Fehmi KORU
Yeni seçilen muhalif milletvekillerinden biri, kendisi gazeteci kökenlidir, seçim sonuçlarının hile ile sağlandığını iddia etmiş. Dediği şu: “Dijital yazılımla işi bitirdiler.”
Böyle konular benim ilgi alanıma girer ya, “Ne dersin?” diye soran sorana.
Dediğimi sizinle de paylaşayım: “Eğer bir hile söz konusu olsaydı, AK Parti kendi oyunu yüzde 41.9’da, milletvekili sayısını da 295’te bırakır mıydı?”
AK Parti bu seçimin yaralılarından biri. Zaten o yüzden, seçimden ilk turda ve yüzde 52.5 oy alarak zaferle çıkan Cumhurbaşkanı Tayyip Erdoğan, “Milletimizin sandıkta partimize verdiği mesajı aldık” deme ihtiyacı duydu.
CHP endişesini İnce hesaba katmadı
Seçim sonuçlarını daha makul bir değerlendirme süzgecinden geçirmek şart. Benim burada günlerdir yapmaya çalıştığım gibi…
Bugün bu değerlendirmelere bir yenisini ekleyeceğim.
Önceki gün, oyunu her seçimde AK Parti’ye ve Tayyip Erdoğan‘a vermiş, ancak bu defa farklı biçimde kullanmaya kararlı görünen bir grubun kendi aralarındaki konuşmalarına tanık oldum.
Eski bildiklerinden bu defa da şaşamamış, oylarını götürüp yine AK Parti ve Tayyip Erdoğan‘dan yana kullanmışlar.
Konuşmalarından, bu kararı vermelerinde, CHP’nin seçim öncesinde gördüğü ilgiden etkilendikleri sonucunu çıkardım.
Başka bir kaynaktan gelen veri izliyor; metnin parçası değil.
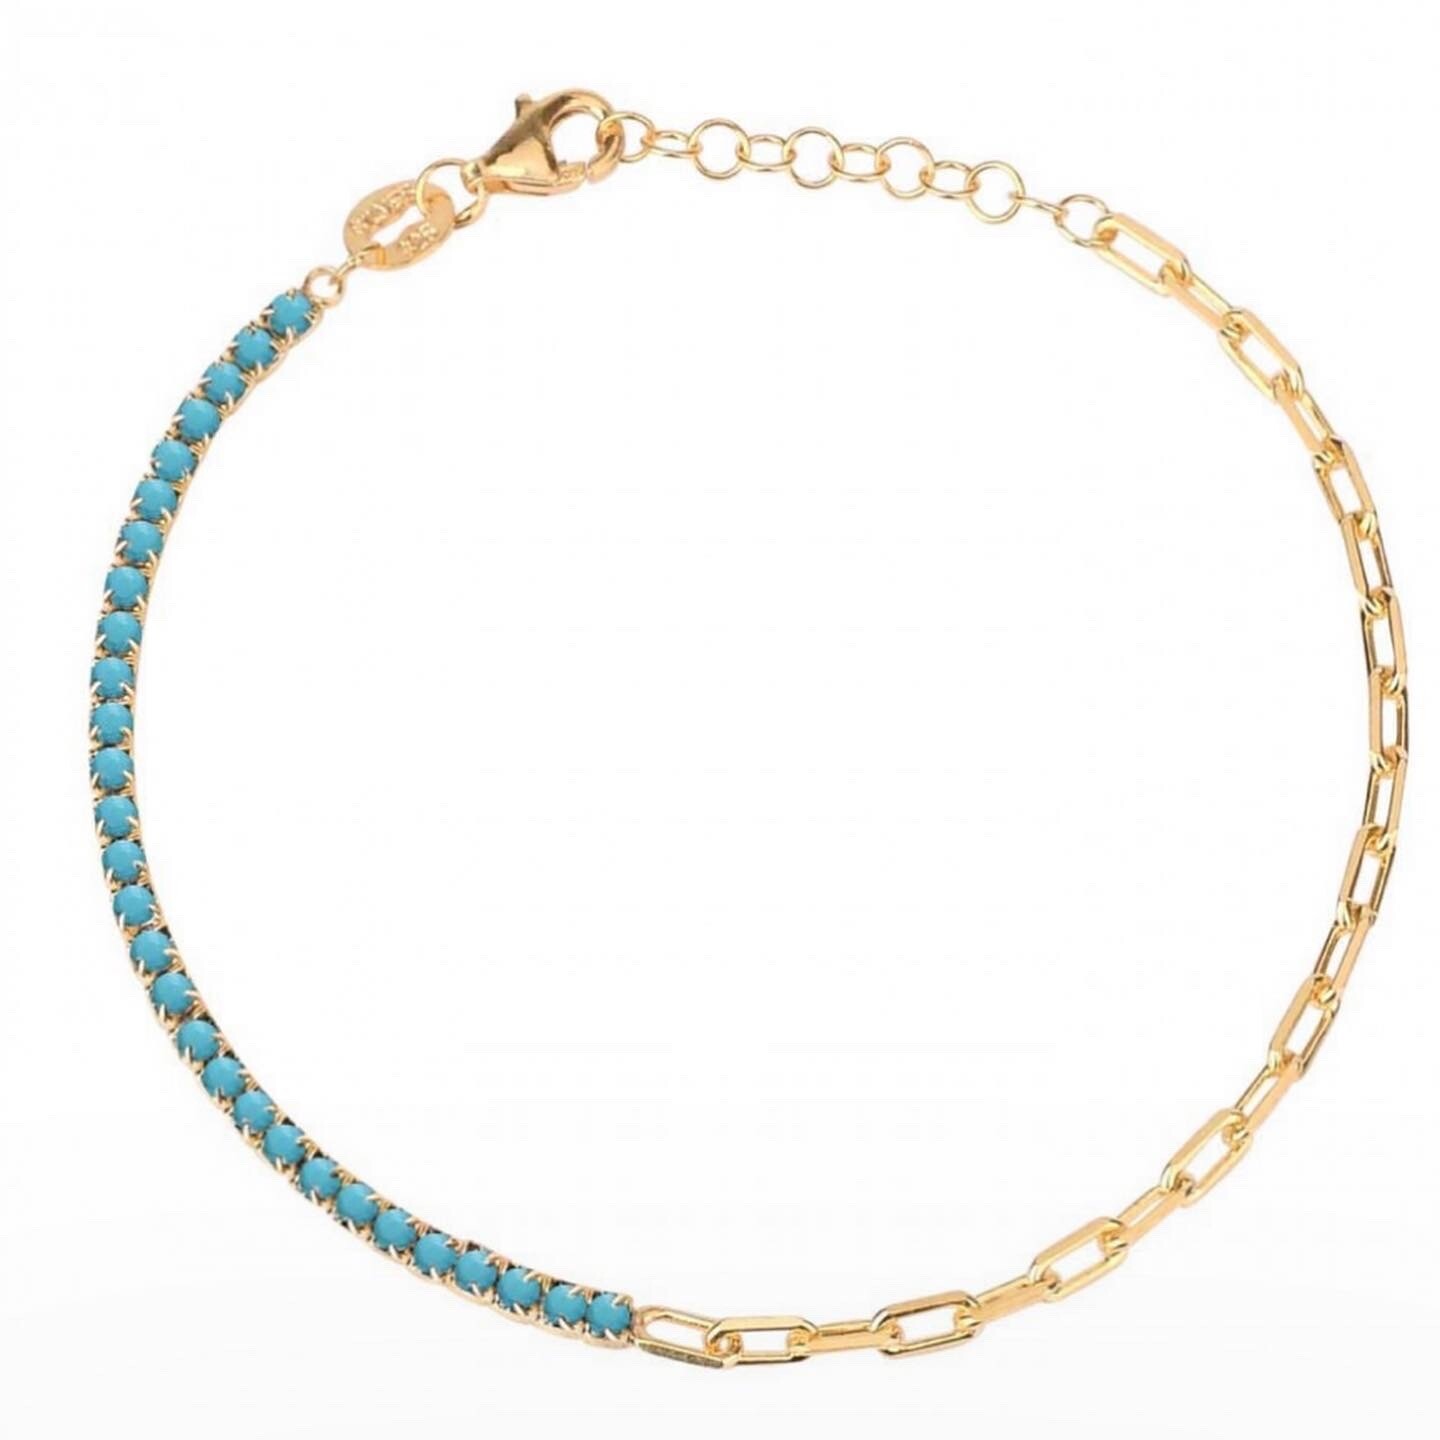 Riviera turquoise bracelet

Şaşırmayın. Buna göre, Muharrem İnce‘nin kendini ‘farklı bir CHP’li’ olarak tanıttığı kampanya sırasında CHP mitinglerinin gördüğü alışılmadık ilgi, hem kendisine hem de partisine iyi gelmemiş görünüyor.
“CHP iktidara geliyor” endişesiyle AK Parti’ye ders vermekten vazgeçmiş olabilir pek çok kişi…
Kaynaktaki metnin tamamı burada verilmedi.